Question

The molar heats of fusion and sublimation of molecular iodine are \(15.27 \mathrm{~kJ} / \mathrm{mol}\) and \(62.30 \mathrm{~kJ} / \mathrm{mol}\), respectively. Estimate the molar heat of vaporization of liquid iodine.

Short answer

The molar heat of vaporization of liquid iodine is approximately 47.03 kJ/mol

Step-by-step solution

Understand the problem

The problem involves the molar heat of fusion (\( \Delta H_{fus} \)), the molar heat of sublimation (\( \Delta H_{sub} \)), and the molar heat of vaporization (\( \Delta H_{vap} \)). The molar heat of fusion and sublimation values are given, while the molar heat of vaporization value is what we need to find.

Apply the relationship between heats

Knowing that the molar heat of sublimation equals the molar heat of fusion plus molar heat of vaporization (\( \Delta H_{sub} = \Delta H_{fus} + \Delta H_{vap} \)), we can isolate the molar heat of vaporization (\( \Delta H_{vap} \)) by subtracting the molar heat of fusion (\( \Delta H_{fus} \)) from both sides. Hence, \( \Delta H_{vap} = \Delta H_{sub} - \Delta H_{fus} \).

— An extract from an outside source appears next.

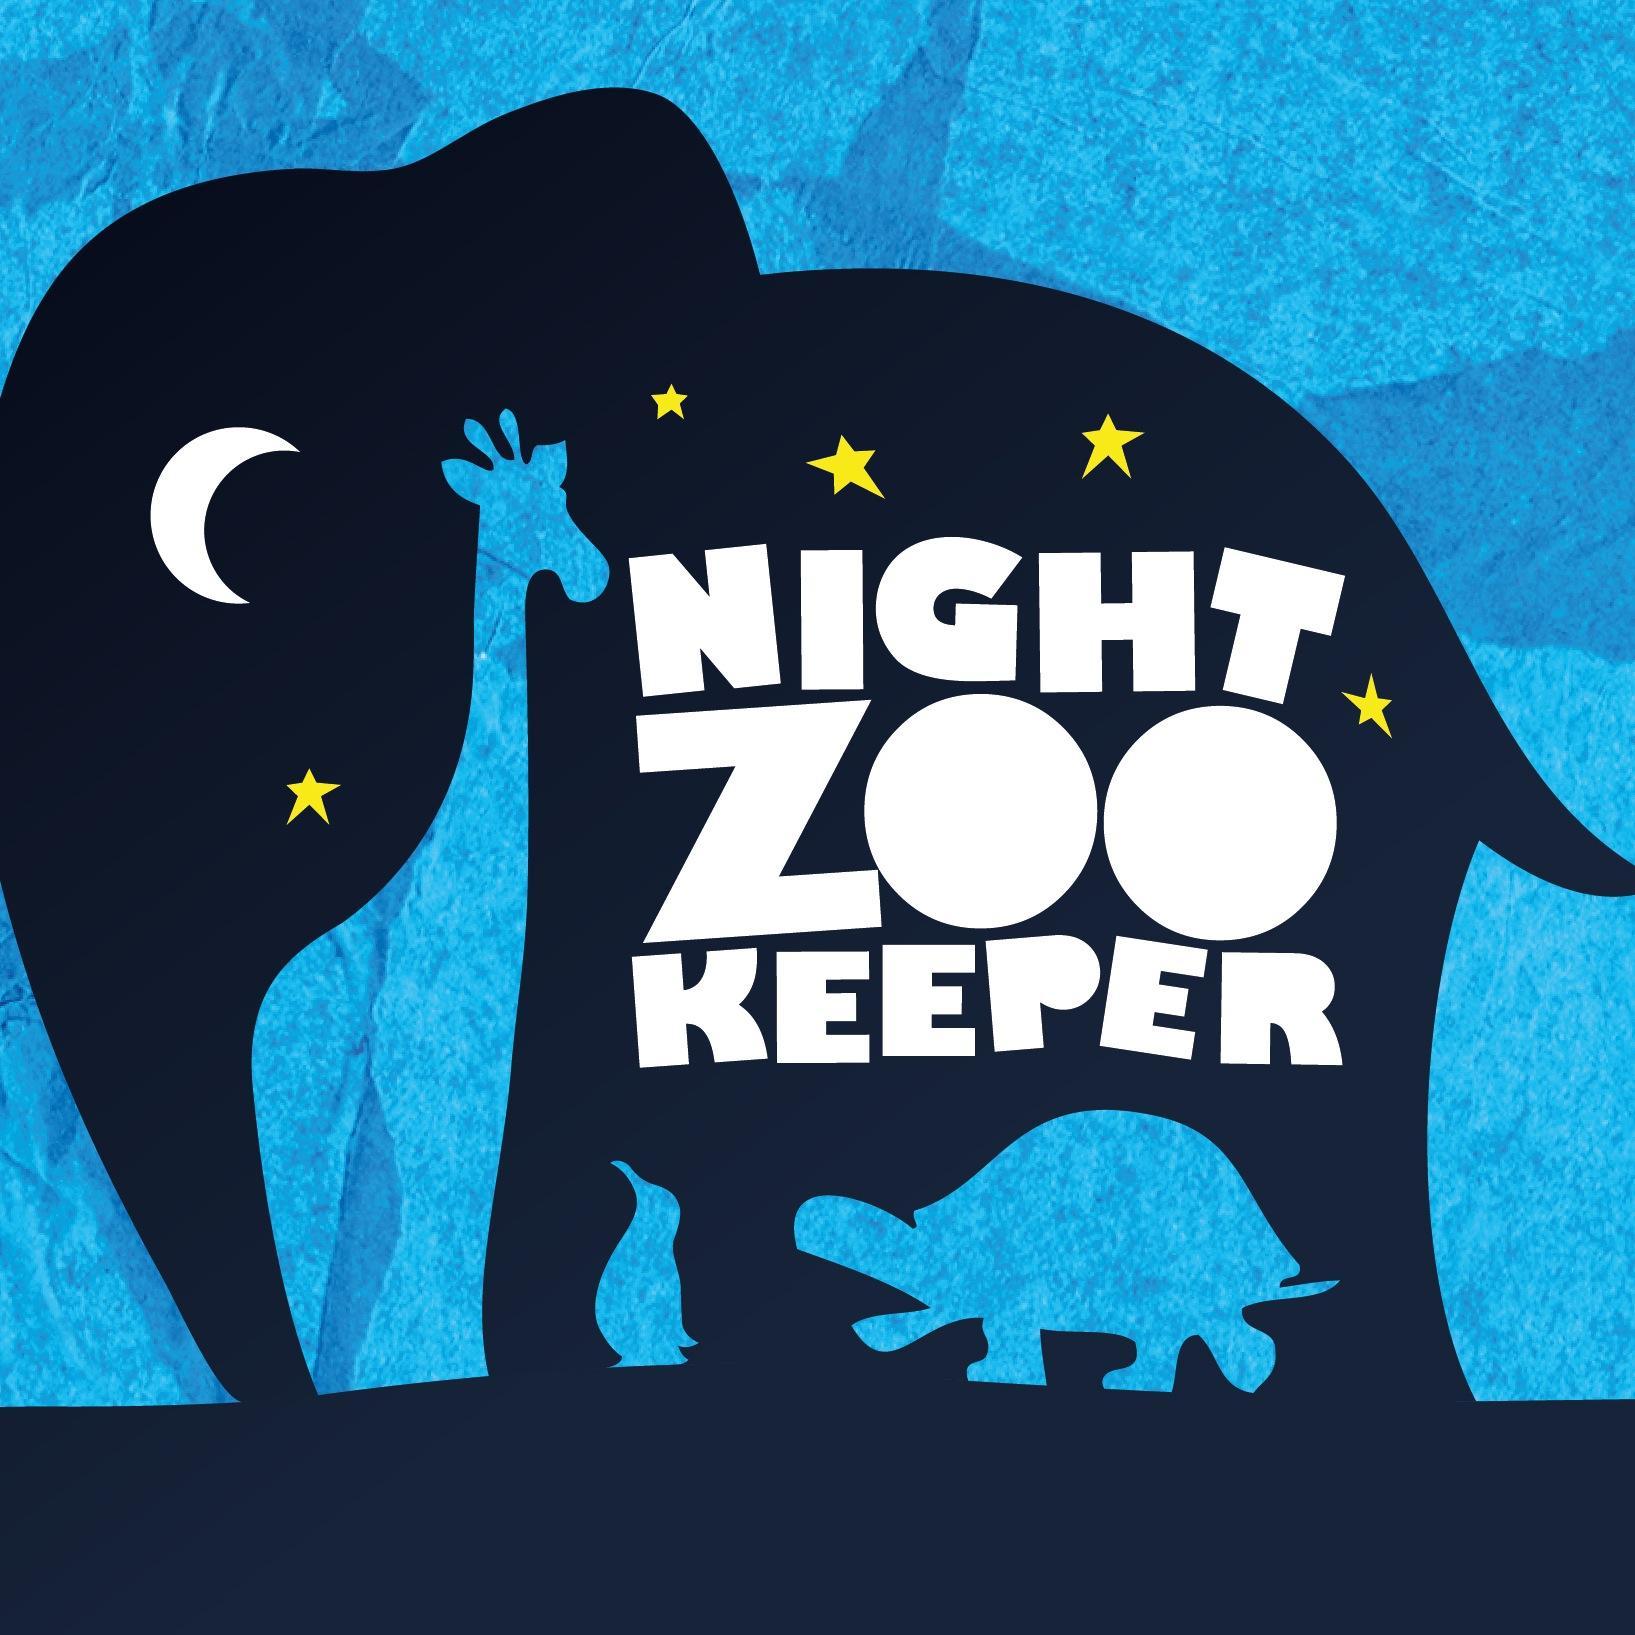 @nightzookeeper

Substitute the given values

Substitute \( \Delta H_{sub} = 62.30 \mathrm{~kJ} / \mathrm{mol}\) and \( \Delta H_{fus} = 15.27 \mathrm{~kJ} / \mathrm{mol}\) into the above equation to calculate the value of \( \Delta H_{vap} \).

Compute for \( \Delta H_{vap} \)

Perform the subtraction to find the value of \( \Delta H_{vap} \).